Zależy co kto lubi... Żeby auto nie dołowało tak bardzo ale za to nie podniosło go za nadto to sprężyna musiałaby być twarda i waliło by niemiłosiernie-nie przymierzając jak na przekutych piórach... Coś za coś.Podejrzewam że jakby była taka uniwersalna charakterystyka dla tego woza to byłaby oferowana nawet przez tego samego producenta.Poza ktoś chyba wspominał ,że te sprężyny są niejako dedykowane do "ciągników" z przyczepami...Ciekawe jak podnoszą tyłek te do "gaziaków" ,ale bez butli... :roll:

13zbyszek13 - 19-01-2011, 09:37

karol_alasz napisał/a:
Ciekawe jak podnoszą tyłek te do "gaziaków" ,ale bez butli...
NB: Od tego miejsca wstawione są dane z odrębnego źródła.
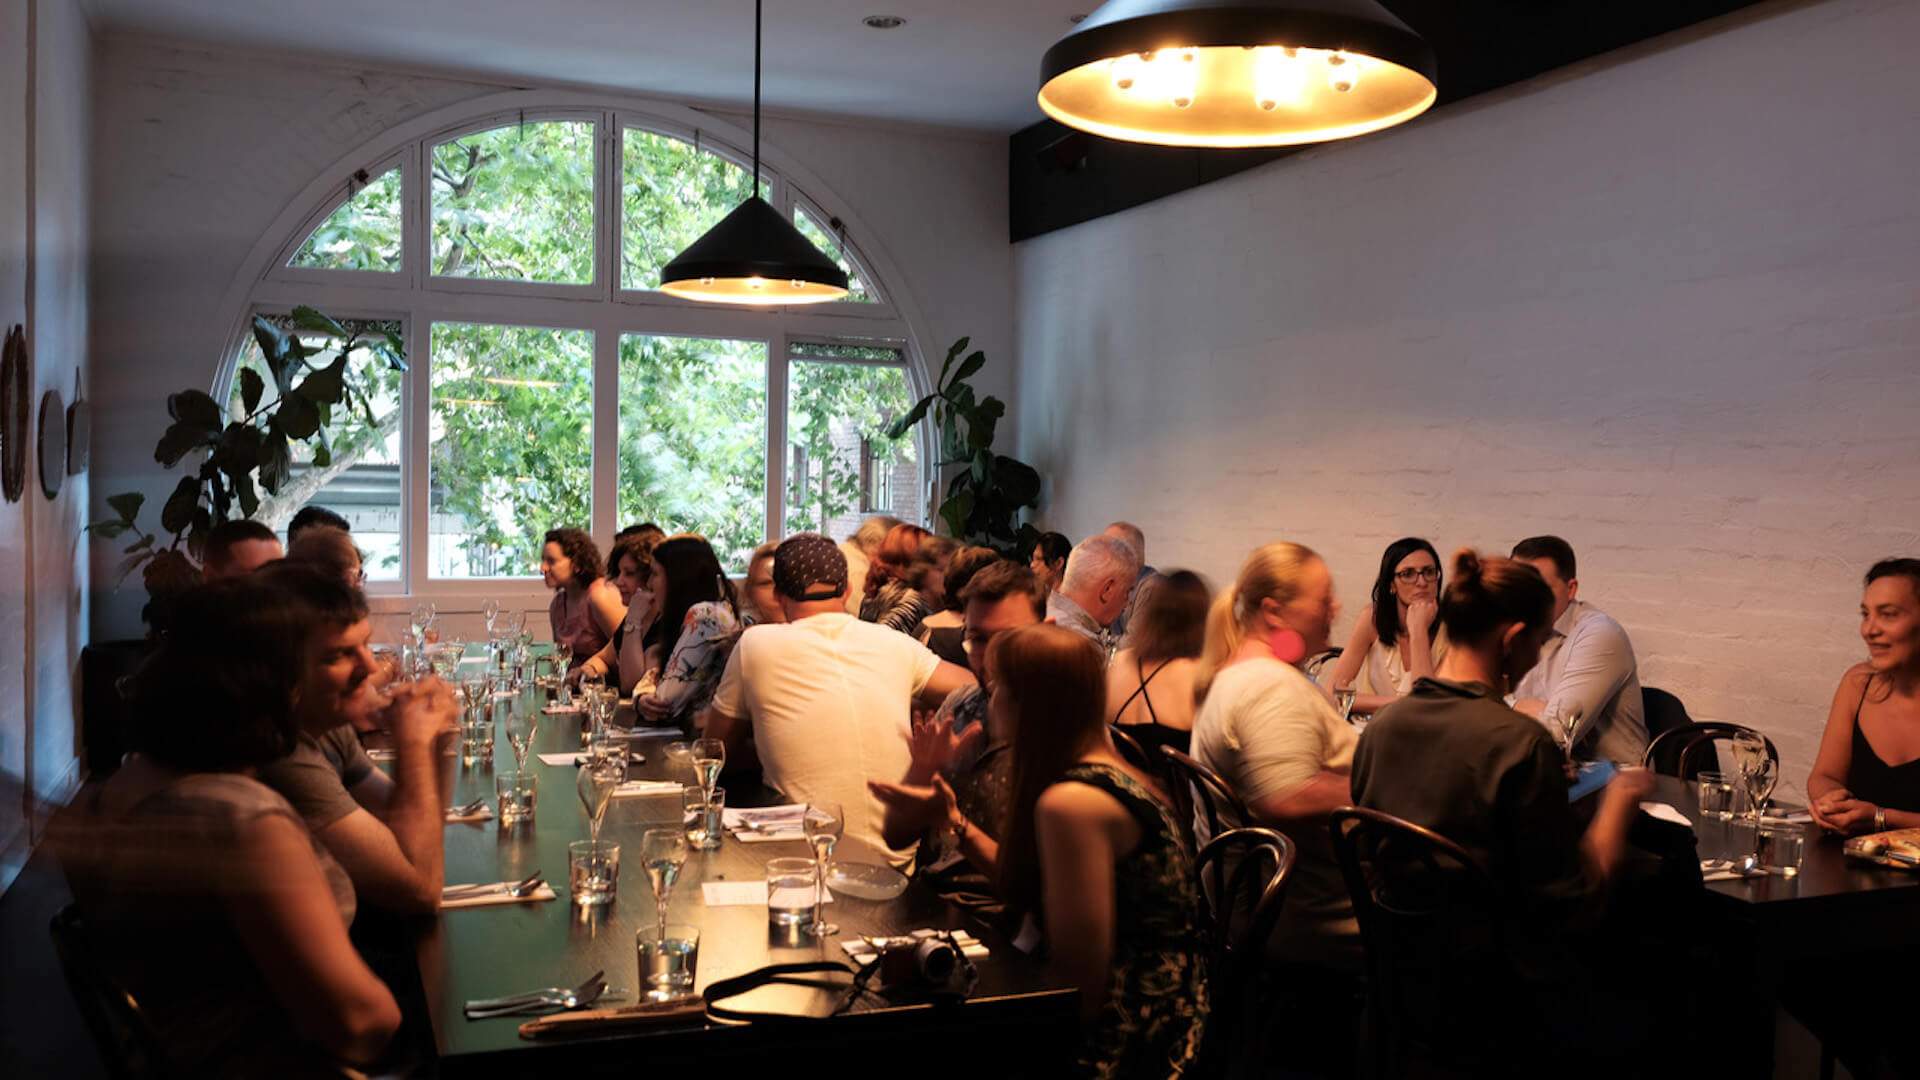 Bar Lourinha - home to one of the best private dining rooms in Melbourne.

Podejrzewam że jeszcze wyżej lub są tej samej wysokości tylko twardsze żeby nie siadał / np .przy pełnym zbiorniku gazu i pełnym baku paliwa/.

joachim69 - 19-01-2011, 10:43

Panowie a ja mam takie pytanie bo dla mnie Outlander strasznie wysoko stoi ,taka koza z niego , zakupiłem szersze opony na lato bo 225 to ewidentnie za cienka oponka do takiego dużego auta ,ale myslę na obniżeniem samochodu sprężynami h&r według producenta ma byc nizej 4cm w sumie troszkę mało, ale może wtedy uda sie pokonywać zakręty w miarę normalnie a nie na bujanego .
Warto inwestować ?? Bo hr plus bilstein w pasku robił dobrą robotę a tutaj się buja jak kaczka w zakrętach .
http://www.h-r.com/gb/f_produktsuche.php

13zbyszek13 - 19-01-2011, 11:34

joachim69 napisał/a:
w pasku robił dobrą robotę a tutaj się buja jak kaczka w zakrętach .


Weź pod uwagę różnicę w wysokości aut na pewno będą się prowadziły zupełnie inaczej.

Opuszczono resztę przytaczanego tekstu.